A portrait of Rudolf Tarnow

Rudolf Tarnow (25 February 1867 in Parchim, Grand Duchy of Mecklenburg-Schwerin - 19 May 1933 in Schwerin) was a Low German writer.

== Early life ==
Rudolf Tarnow was born on 25 February 1867 in the city of Parchim, the oldest son of a shoemaker, Heinrich Tarnow, and his wife, Dorothea (née Pingel). He attended school from 1873 until 1881, claiming to be a very good student, although he often focused more on social life than schoolwork, which he saved for home.

After success in school, he began a commercial apprenticeship in a textile factory in his home town, which he completed successfully in 1885. In 1896, he married Erna Bruns. From this relationship came three children, two sons, Walter and Rudolf, and a daughter, Elisabeth. After his service in the military, where he spent some years in the personal military company of the grand duke of Mecklenburg, he applied successfully to be the superintendent of the insane asylum in Schwerin.

== Writing career ==
He began to publish his work, which was written in Low German, around 1910, to celebrate the 100th anniversary of the birth of fellow Low German author Fritz Reuter. On 7 October 1910 his poem "Ein Randewuh im Rathaus zu Stavenhagen" (English: A Rendezvous at the City Hall of Stavenhagen), was published as a special edition.
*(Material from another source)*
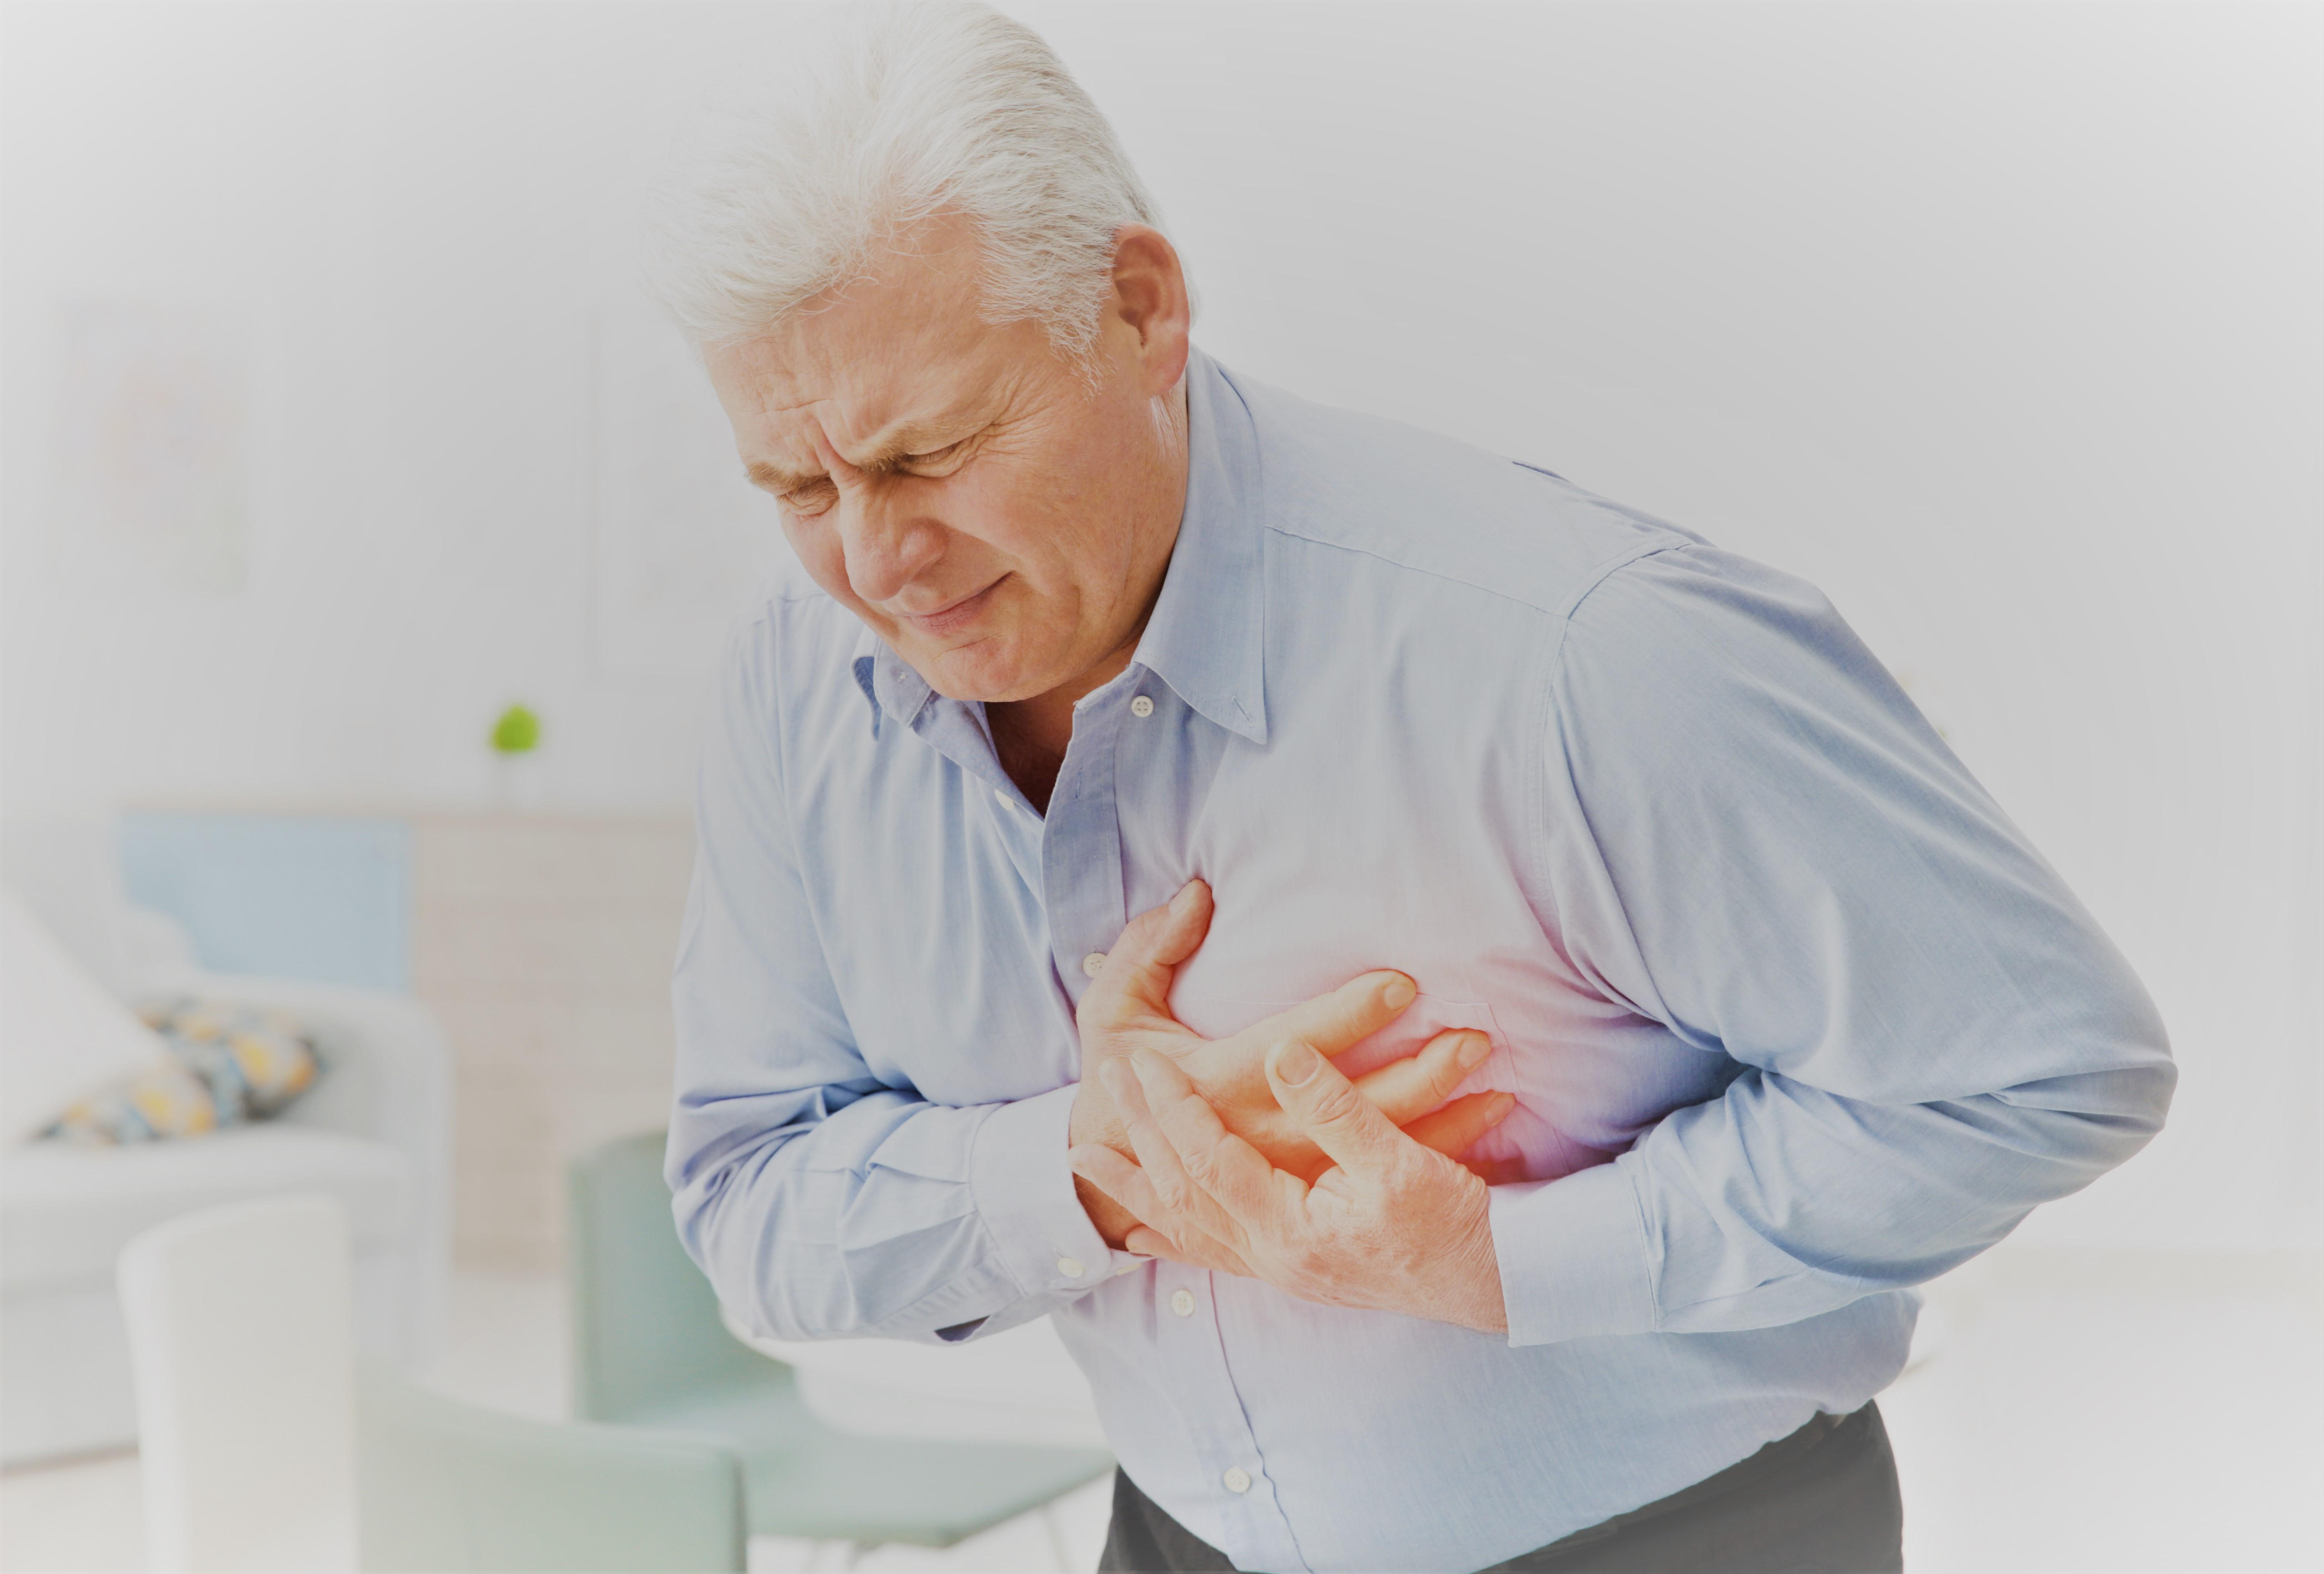 fájdalom a térdízületekben és az alsó hasban
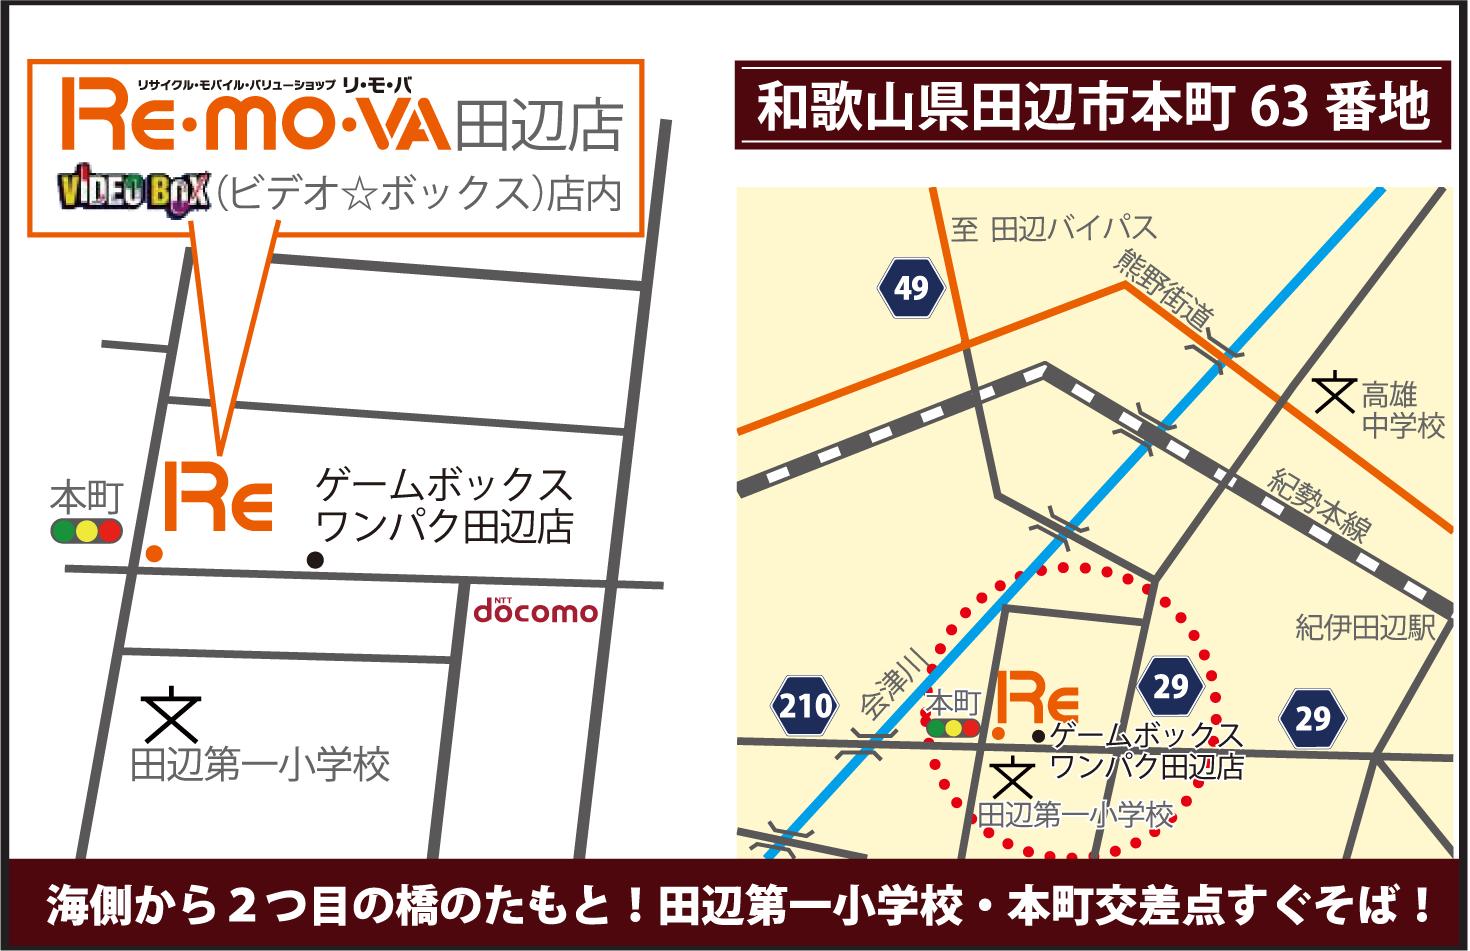 リモバ田辺店周辺地図

After that, he published many poems, and also regularly published essays. His essays were taken from real-life experiences, focusing on, and making fun of, the weaknesses of his fellow man.

One of his best known works is "Köster Klickermann," where he combines his childhood memories of both school and church. Some of his work was lighter in tone, however. His love of children lead him to write the children's books and collections of children's poems as well. Tarnow died on 19 May 1933 in Schwerin, after a heart-related illness. Even today, many streets and schools in Mecklenburg-Vorpommern are named after Tarnow. A complete folio of Tarnow's works was found in storage in the city of Rostock in 1987.